In short, the Dutch anti-base erosion rules aim to prevent an artificial erosion of the Dutch tax base by creating interest charges within a group of affiliated taxpayers. These rules prohibit the deduction of interest on loans to affiliated companies used to finance dividend payments or capital repayments, among other things, or the acquisition of an interest in a company that qualifies as an affiliated company of the taxpayer after acquisition (these transactions are also known as tainted transactions). An escape may apply if the taxpayer proves that both the transaction and its financing are predominantly based on business motives. 

In Lexel, the CJEU held, in short, that affiliated transactions that are carried out at arm's length are not purely artificial. On this basis, an obstructive national anti-abuse provision may not be justified based on the fight against tax evasion and tax avoidance. Moreover, according to the CJEU, it follows from EU law that if there is no commercial reason for a particular (legal)structure, the proportionality principle requires that interest deduction is limited to the proportion of that interest that it is not considered at arm's length

The CJEU ruling had a mixed reception in the Netherlands. Some authors welcomed the CJEU’s new approach of reaffirming the arm’s-length standard as a safe harbor for taxpayers. Others were more skeptical and argued that the arm’s-length reference should not be interpreted as a new arm’s-length safe harbor, remembering that the case was handled by one of the smaller EU courts and that a potentially wide safe harbor would not be in keeping with the CJEU’s approach to anti-abuse which arguably tends to a principle purpose test.

The Supreme Court considered the Dutch anti-base-erosion rules to be generally compatible with EU law.
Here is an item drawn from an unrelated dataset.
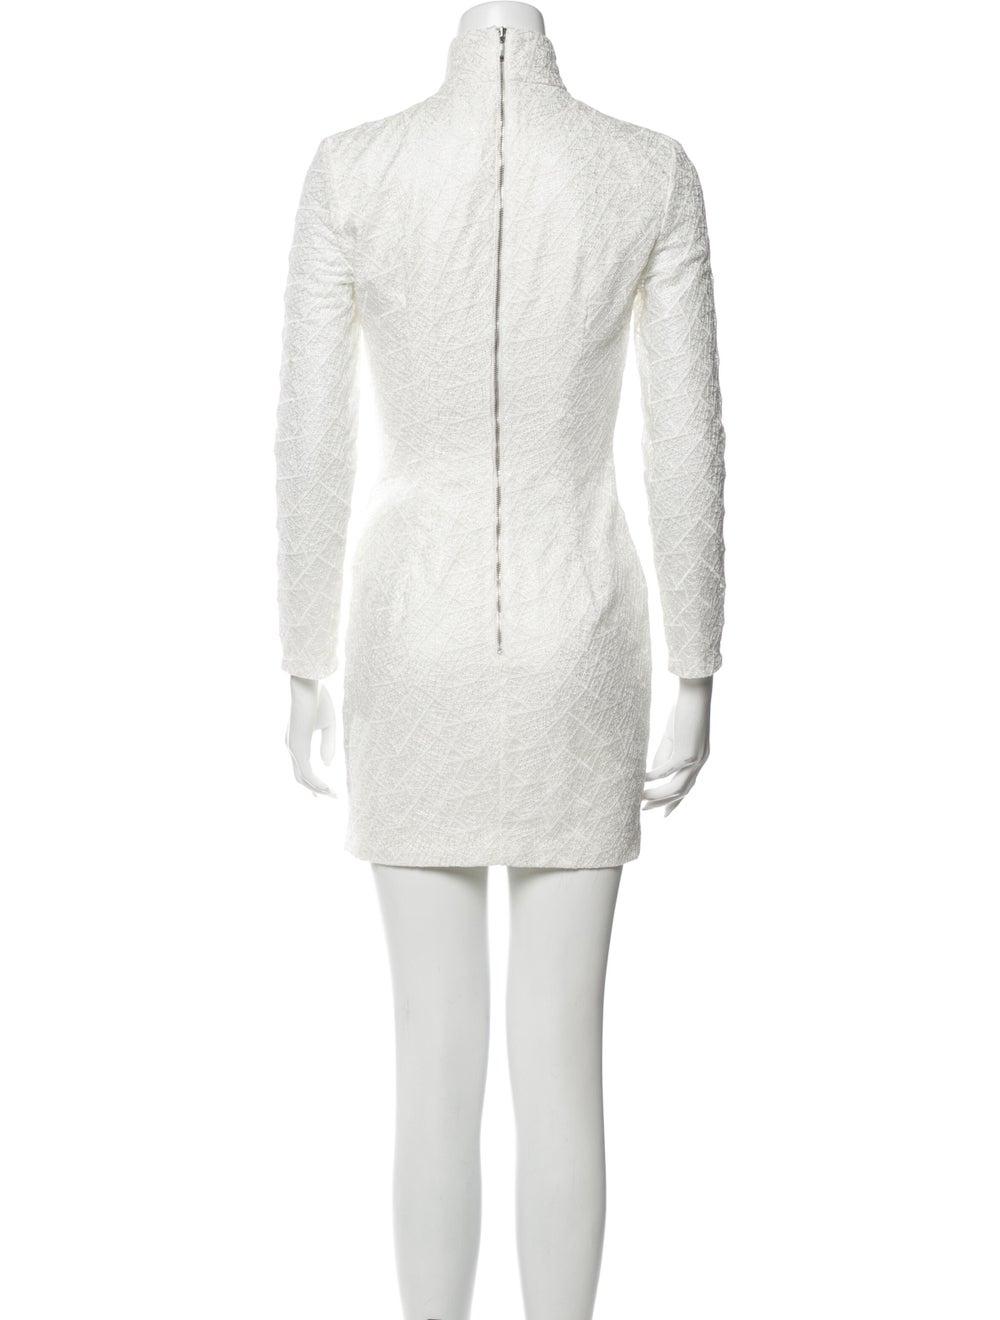 Misha Collection Turtleneck Mini Dress White - image 3

However, it acknowledged that after Lexel there was some degree of uncertainty as to whether interest deduction limitation rules counteracting wholly artificial transactions (such as intragroup loans) might be in breach of EU law in situations in which the loans are concluded on arm’s-length terms. The Supreme Court therefore preliminarily asked the CJEU for clarification on how to interpret Lexel in relation to whether the Dutch anti-base-erosion rules might be in breach of EU law. The Supreme Court also asked whether it is in breach of EU freedoms to limit interest deduction in the case of a loan that is part of a wholly artificial construction, regardless of whether the loan is considered to be at arm’s length.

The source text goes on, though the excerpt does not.